They wanted them to earn additional money to increase their profitability, but that did not come into account in fixing the rates pursuant to the tariffs for natural gas–

John Paul Stevens:

–Mr. Dyk, may I ask you a question on that score?

You’ve indicated that the same intrastate pipelines are used by both the independent seller and the public utility, and are those pipelines owned by the public utility?

Timothy B. Dyk:

–They’re owned by the public utility, and–

John Paul Stevens:

And how do they determine the charge for the gas sold that’s delivered through those pipelines in the independent marketer sales?

Timothy B. Dyk:

–Well, what you have is both open access… that is, people who are not in the public utility business have the right to use those transportation facilities… and so-called unbundling, which was a concept that originated at the Federal level but also exists at the State level, in which there are separate statements for transportation charges and the transportation charges have to be… has to be… have to be justified.

Of course, the public utilities really remain as public utilities when they’re supplying the transportation service, but that’s unbundled.
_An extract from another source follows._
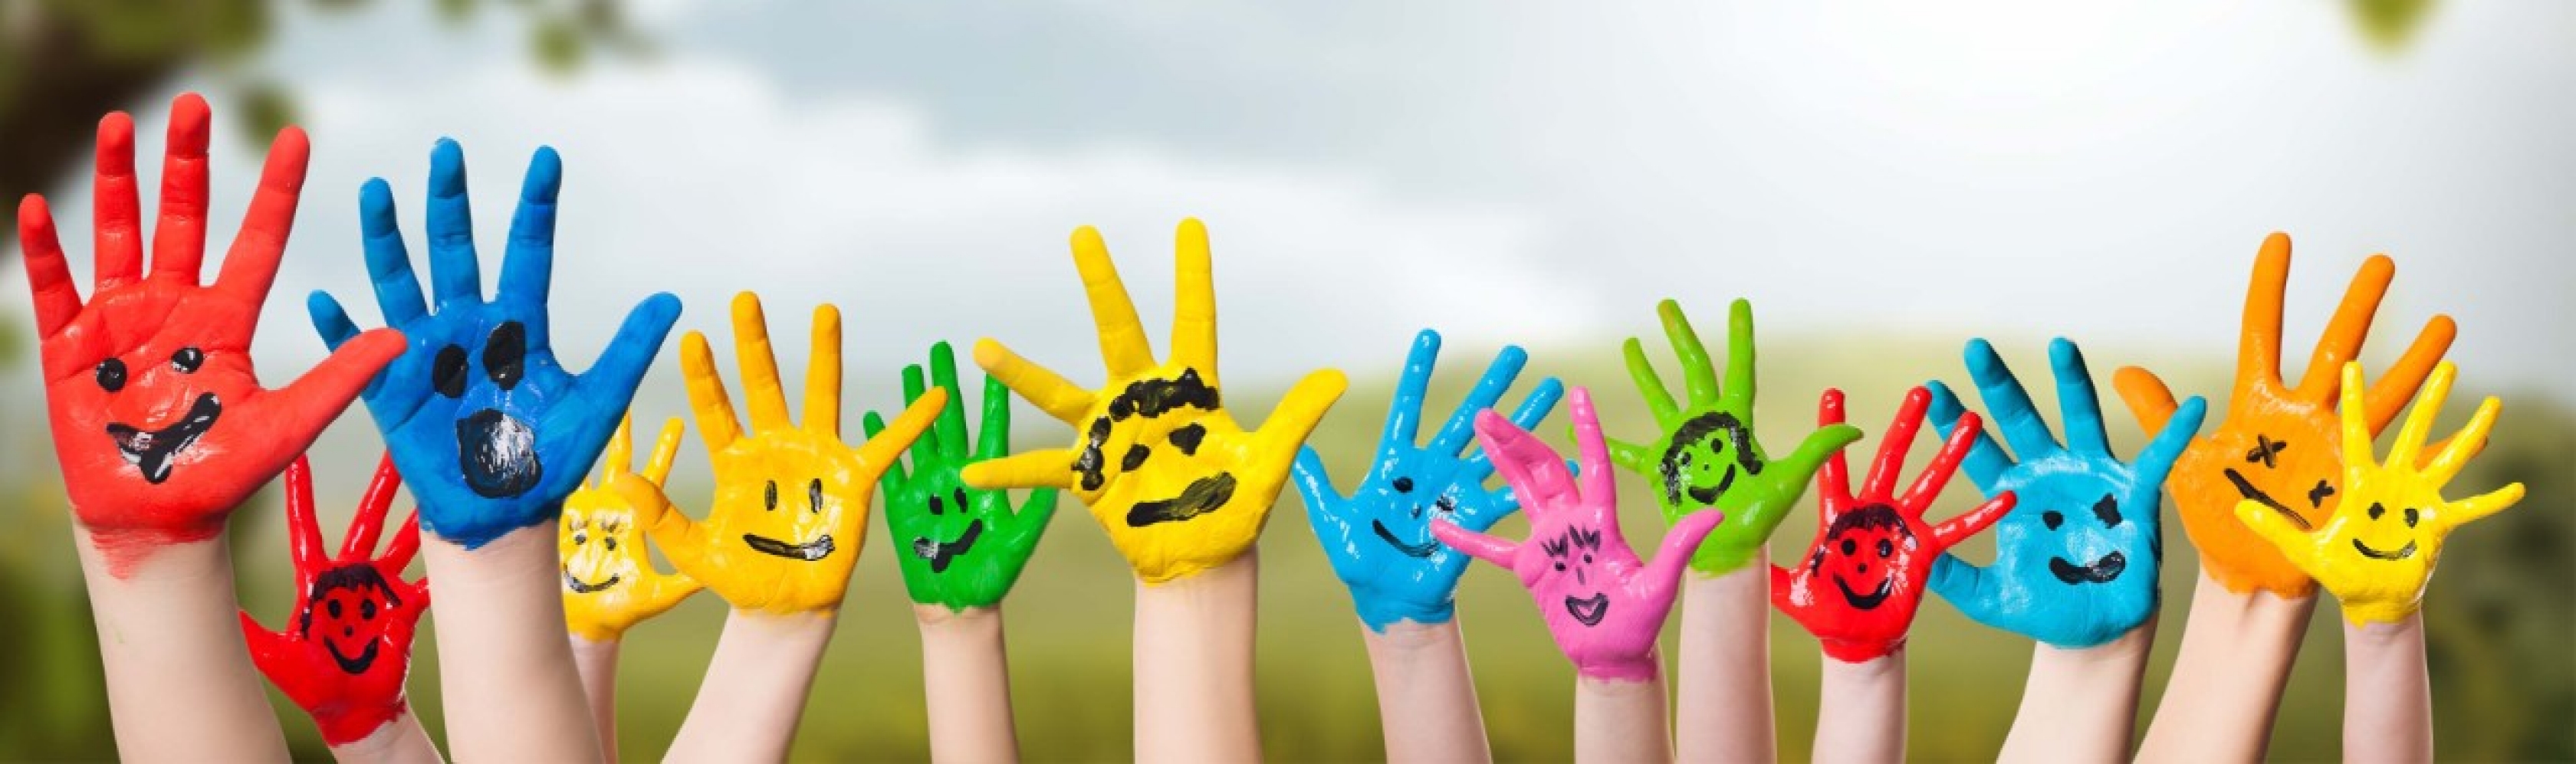 Être solidaire, c’est se mobiliser pour les autres afin de mieux vivre ensemble; cet état d'esprit est symbolisé par les mains colorées d’enfants.

It’s charged separately, and the rates are calculated separately.

John Paul Stevens:

And those are… they’re charged separately, but are they controlled by the State public utility commission?

Timothy B. Dyk:

The transportation rates are still controlled by the State public utility commission, though in some instances even those transportation rates are now being individually negotiated.

But by and large those are pursuant to tariffs set by the public utility–

John Paul Stevens:

If they’re individually negotiated, it would seem to me that the market would take care of the disparity between the taxed and the no-tax sellers.

Timothy B. Dyk:

–Justice Stevens, I’m not under… I’m not sure why I understand the market would take care of that.

What you have is the charges for the gas are stated separately, and if the public utility has an advantage, there’s no 5 to 7-percent use tax on the purchases from them, they have an advantage over the interstate seller, who must sell to a purchaser, and the tax is on the purchaser, the purchaser has to pay this 5 to 7-percent tax, and in a business like this, which is highly competitive, 5 to 7-percent can be a significant amount of money and a significant advantage.

Now, what the State says is, oh well, we impose a gross receipts tax on the public utilities.

The problem is that the gross receipts tax doesn’t satisfy this Court’s standards for a compensatory tax.

It’s not imposed on a substantially equivalent event.

It’s not even imposed on the same people.

Ruth Bader Ginsburg:

Mr. Dyk, is it clear that for what you call the unregulated sales both before it was formalized in the law and under the new law, that those unregulated sales also escaped the sales tax?

Timothy B. Dyk:

Yes, because the natural gas company is still a supplier of natural gas.

It is still a natural gas company which is supplying the gas over its own distribution lines within the State, and–

Ruth Bader Ginsburg:

Well, couldn’t… could Ohio say, because the public utility has obligations that the State imposes on it, and because the regulated sales have bundled together these other aspects, while there won’t be an escape from the sales tax entirely, there will be an allocation, so that only the part that’s attributable to the commodity is subject to the sales tax and not the part that’s attributable to these other items?

Timothy B. Dyk:

–Well, there is no sales or use tax on the transportation.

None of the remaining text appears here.